I was recently amused by reading a blog of a group who apparently
defeated PDF's DRM system by using GMail's "convert to HTML" option. I nearly fell off my chair when I read the claim " (it) works regardless of the files; usage restrictions..". Yes - under certain circumstances you can gain access to text or other components of a PDF document that has policy protection on it, but *only* if the person applying the policies set the policies to allow this type of access AND does not encrypt the PDF. Keep in mind that PDF is a completely free, open and available standard that anyone can implement. There are several third party SDK's to manipulate PDF documents. Before you read the blog above, it is extremely helpful to understand how the encryption and DRM mechanisms work.
In general, if you do not want someone other than the intended recipient to
view a PDF, you should encrypt it. By default, the encryption level for compatibility with Acrobat 5.0 and later is 128bit RC4. Encrypting the contents of a PDF with a strong key results in a situation where there is no way gmail or any other
application can crack it open by brute force. The PDF is turned into cipher text that is completely incomprehensible to anyone without the key to open it. I am so certain of this that I will provide $500 USD to the first person who can open this document within one year.
A person encrypting a PDF document has several options. First, you can determine the compatibility for earlier versions of Acrobat (5 , 6) or jump straight to Acrobat 7.0 and higher. If you select to encrypt it for Acrobat 7, the default level encryption method is AES, much harder (read = impossible) to crack using brute force.
You can also opt to encrypt all the document contents, or leave the metadata unencrypted. This is useful should you want to be able to have the document searchable in real time based on the metadata. Note the lower section of the screenshot above - by default, the box is checked to allow text access to the document. If you leave this selected, some PDF applications can access the text. If you don't want this, please de-select this option. After setting all of the options and pressing next, you will still be given a generic warning that certain non-Adobe products might not enforce this document's policies. Note that if you do not select "require a password to open the document", the usefulness of encrypting it is moot. Others will still not be able to copy the document by using the text copy tool or Control-C, but other means can be employed.
To summarize so far, Acrobat has DRM capabilities to limit the following interactions with documents
1. ability to disable printing
2. ability to disable cut and paste
3. ability to disable control printscreen
4. ability to disable local file saving
5. ability to disable local file saving
6. ability to disable accessibility
7. ability to make a document no longer exist
A person must comprehend the frame and scope of the intended use of each of
these and their built in restrictions. PDF's are like music - if you can
render it once, it is possible to capture it and render it again. Even if
we figured out a way to prevent all third party screen scraping software
from capturing what you see on a computer screen, someone who both has
access to the document for a single view AND intent to distribute it further can simply take adigital photo of their computer screen to circumvent all of these. There is simply no way to stop someone who is intent on doing this using 1-6 above.

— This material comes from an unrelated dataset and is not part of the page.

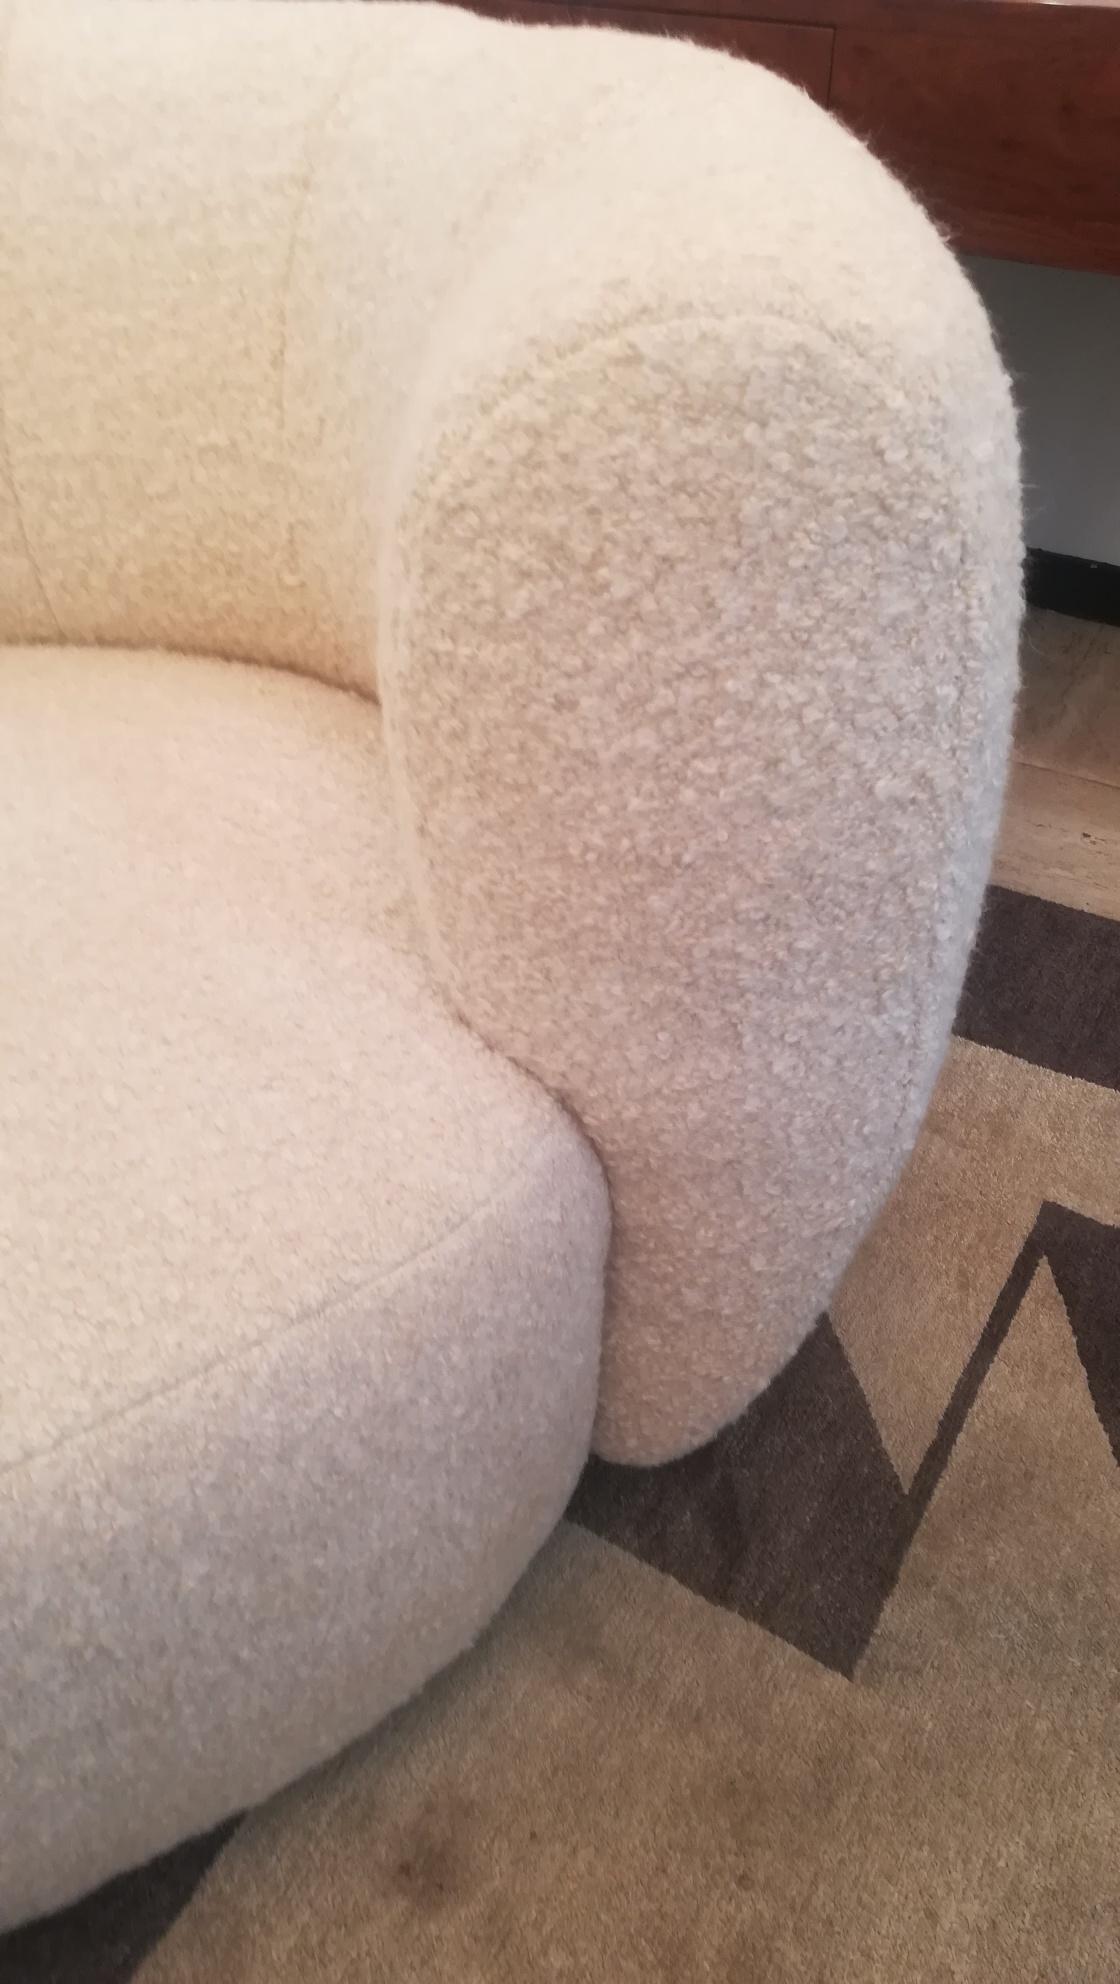 beige curved sofa

Another methodology is available to place a dynamic watermark on the page, perhaps stating the users name and address in bold gray text across the document. This too can be defeated if one took a screen shot of the document and used a great tool like ... err "Adobe Photoshop" to take care of that nasty watermark. I am guessing the magic wand tool is your best friend here ;-)

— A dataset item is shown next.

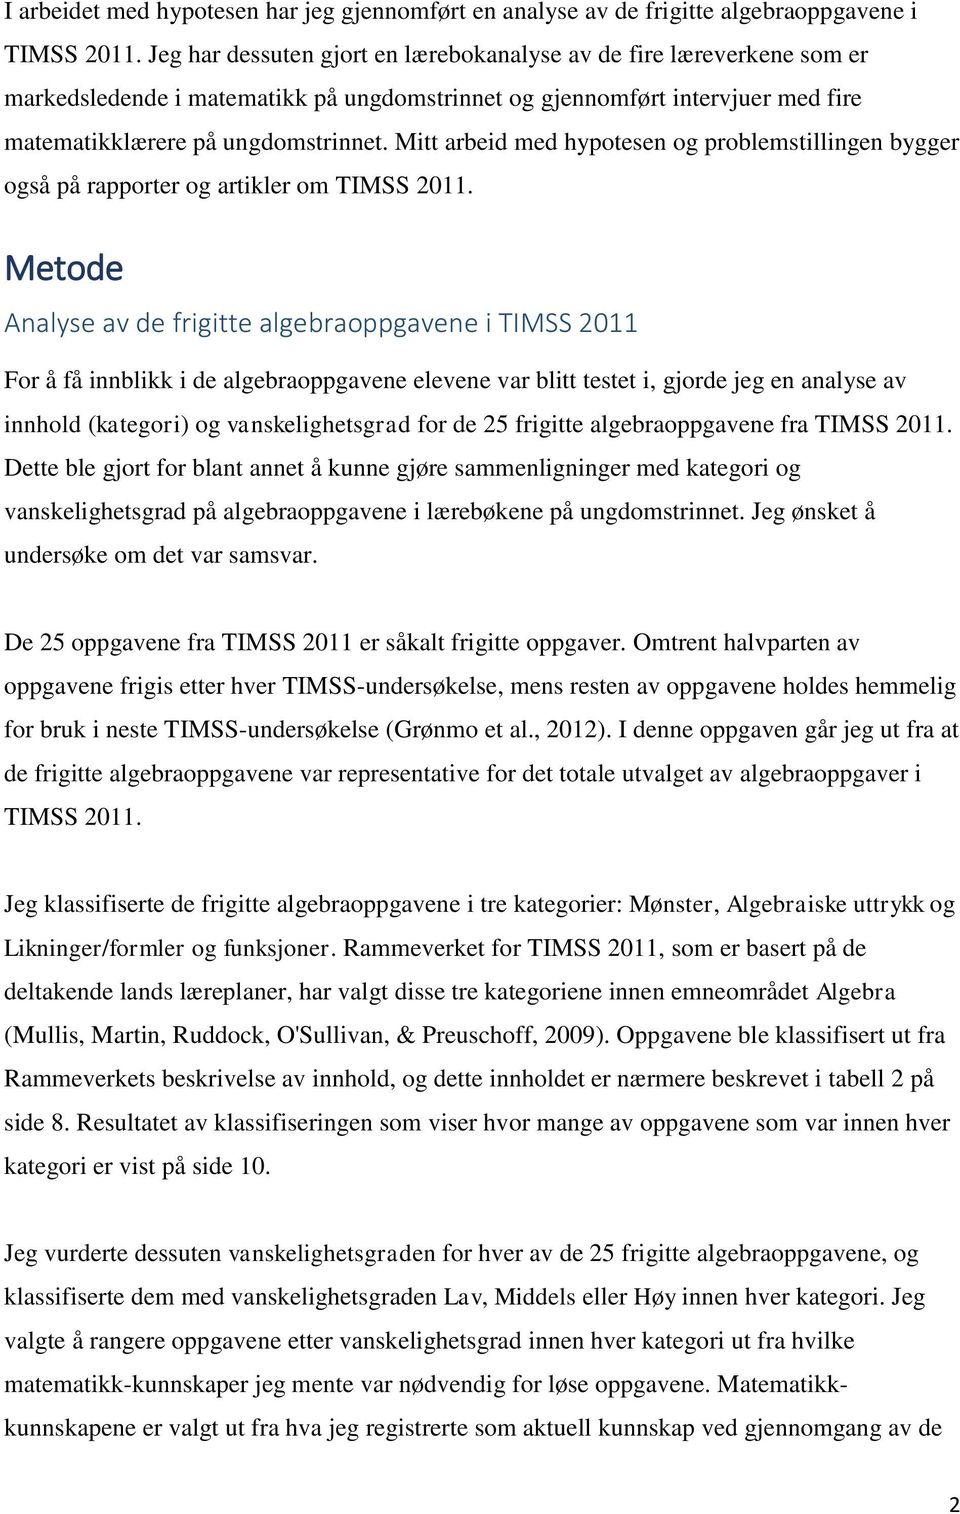 Mitt arbeid med hypotesen og problemstillingen bygger også på rapporter og artikler om TIMSS 2011.

So how can you protect a PDF? If you really want to make it secure and also
track the users interaction with it, you would be wise to use Adobe Policy
Server. The policy server uses a model of persistent DRM that follows the
document everywhere it goes. If you feel the document is out of control and
you want to stop it, you can simply "destroy" the document which will cause
it to fail to un-encrypt itself when someone opens it. Is there a way
around that? Sure - sneak into the office of the person who made the
policy, install a tiny pinhole camera near their desk and capture their
See what I am getting at, no matter what you do, there is a way around it if
someone is really intent. The easier method is "social engineering" rather than brute force.
So here is a challenge. Take this document here (link to APS protected
document) and try to render it with gmail (or any other method). I will pay
$500 USD to the first person who can show me the un-encrypted content of this document within one year of this.
How I would do it? I would probably try to lure myself into providing a password to a site that offered me some form of membership and hope that I was rather lazy and used the same password for this document. D'oh!! Not gonna work - I typed a random phrase of about 13 characters to encrypt this using AES.